The financial information reported herein is based on the condensed interim consolidated financial statements (unaudited) for the period ended July 31, 2017, prepared in accordance with IAS 34 Interim financial reporting, as issued by the International Accounting Standards Board (IASB). All amounts are denominated in Canadian dollars. The complete Third Quarter 2017 Report to Shareholders is available on the Laurentian Bank's website at http://www.laurentianbank.ca/ and on SEDAR at http://www.sedar.com/.

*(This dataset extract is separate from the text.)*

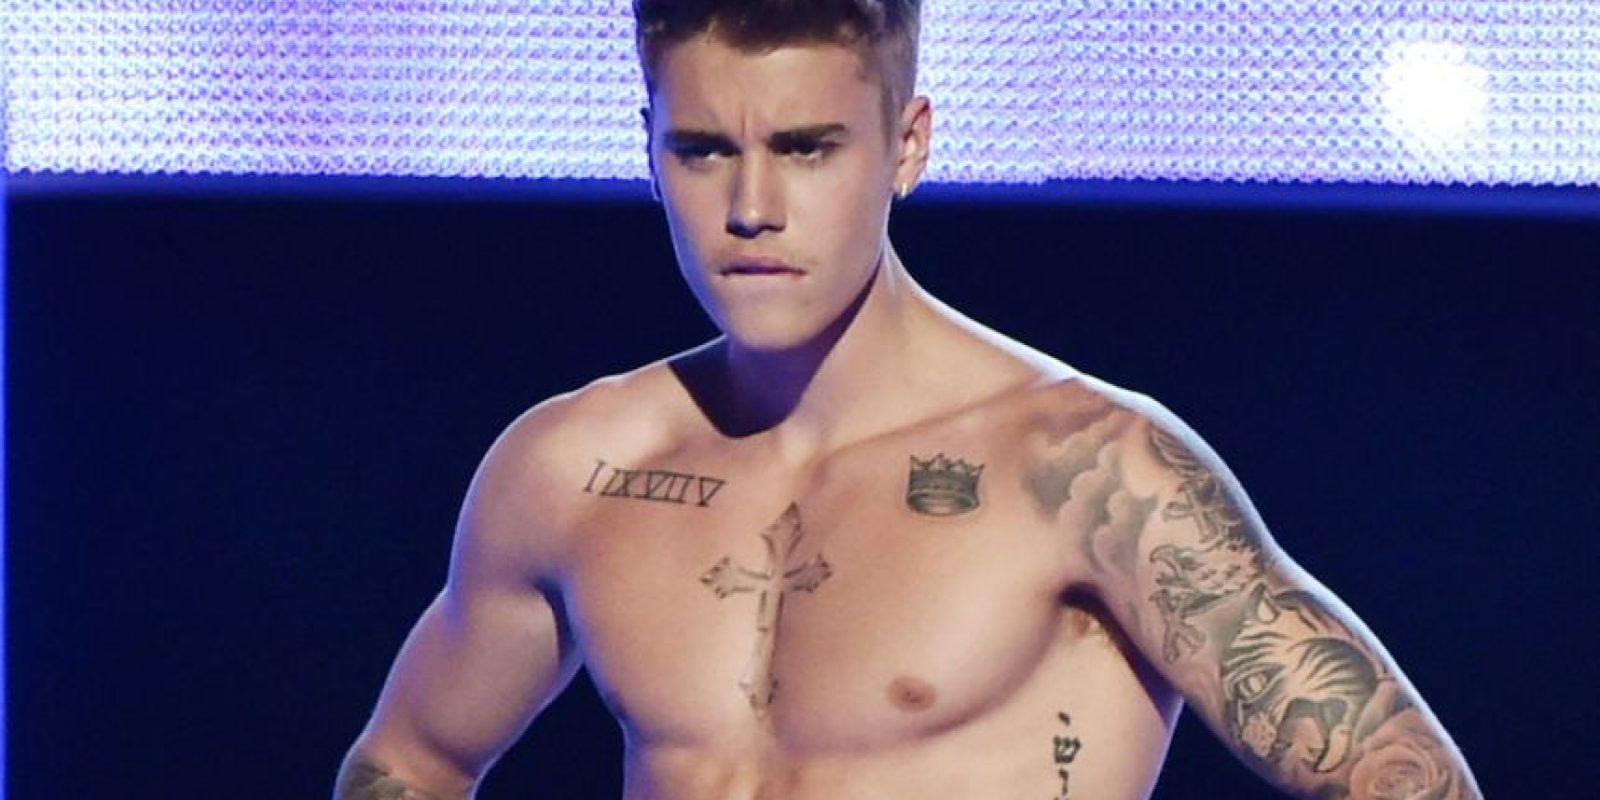 Bieber es un cantante canadiense de 21 años de edad que hasta el momento ha grabado tres álbumes de estudio. Foto:Getty Images

Highlights of third quarter 2017

  • Adjusted net income (1) up 30% year-over-year, and reported net income up 21%
  • Adjusted return on common shareholders' equity (1) of 13.0% and 11.8% on a reported basis 
  • Adjusted efficiency ratio of 65.6%, an improvement of 450 bps year-over-year, and reported efficiency ratio of 67.9%
  • Loan losses of $6.4 million, including favorable adjustments of $5.0 million in the quarter
  • Common Equity Tier 1 (CET1) ratio at 7.9%
  • Loans to business customers up 21% year-over-year, from both organic growth and the acquisition of CIT Canada (2) 
  • Residential mortgage loans through independent brokers and advisors up 17% year-over-year 
  • Acquisition of NCF (3) and concurrent common share issuance subsequent to quarter-end, which will add 8 basis points to the CET1 ratio   
           
           
   FOR THE THREE MONTHS ENDED     FOR THE NINE MONTHS ENDED  
In millions of Canadian dollars, except per share and percentage amounts
(Unaudited)
  JULY 31
 2017
    JULY 31
 2016
  VARIANCE     JULY 31
 2017
    JULY 31
 2016
  VARIANCE  
                                 
Reported basis                                
  Net income $ 54.8   $ 45.1   21 % $ 147.8   $ 133.5   11 %
  Diluted earnings per share $ 1.48   $ 1.34   10 % $ 3.97   $ 4.13   (4 )%
  Return on common shareholders' equity   11.8 %   11.2 %       10.8 %   11.7 %    
  Efficiency ratio   67.9 %   70.1 %       69.3 %   70.3 %    
  Common Equity Tier I capital ratio - All-in basis   7.9 %   7.9 %                    
                                 
Adjusted basis (1)                                
  Adjusted net income $ 59.9   $ 46.1   30 % $ 164.3   $ 136.5   20 %
  Adjusted diluted earnings per share $ 1.63   $ 1.37   19 % $ 4.46   $ 4.23   5 %
  Adjusted return on common shareholders' equity   13.0 %   11.4 %       12.1 %   12.0 %    
  Adjusted efficiency ratio   65.6 %   70.1 %       66.7 %   70.3 %    
(1) Certain measures presented throughout this document exclude the effect of certain amounts designated as adjusting items due to their nature or significance. Refer to the Non-GAAP Measures section for further details.
(2) The Canadian equipment financing and corporate financing activities of CIT Group Inc.
(3) Northpoint Commercial Finance.

Laurentian Bank of Canada (the "Bank") reported net income of $54.8 million or $1.48 diluted per share for the third quarter of 2017, compared with net income of $45.1 million or $1.34 diluted per share for the same period last year. Return on common shareholders' equity was 11.8% for the third quarter of 2017, compared with 11.2% for the third quarter of 2016. On an adjusted basis, net income totalled $59.9 million or $1.63 diluted per share for the third quarter of 2017, up 30% and 19% respectively, compared with $46.1 million or $1.37 diluted per share for the same period in 2016. Adjusted return on common shareholders' equity was 13.0% for the third quarter of 2017, compared with 11.4% a year ago. Reported results included adjusting items, such as costs related to the Bank's branch mergers, the integration of CIT Canada and costs related to the acquisition of NCF, as detailed in the Non-GAAP measures section.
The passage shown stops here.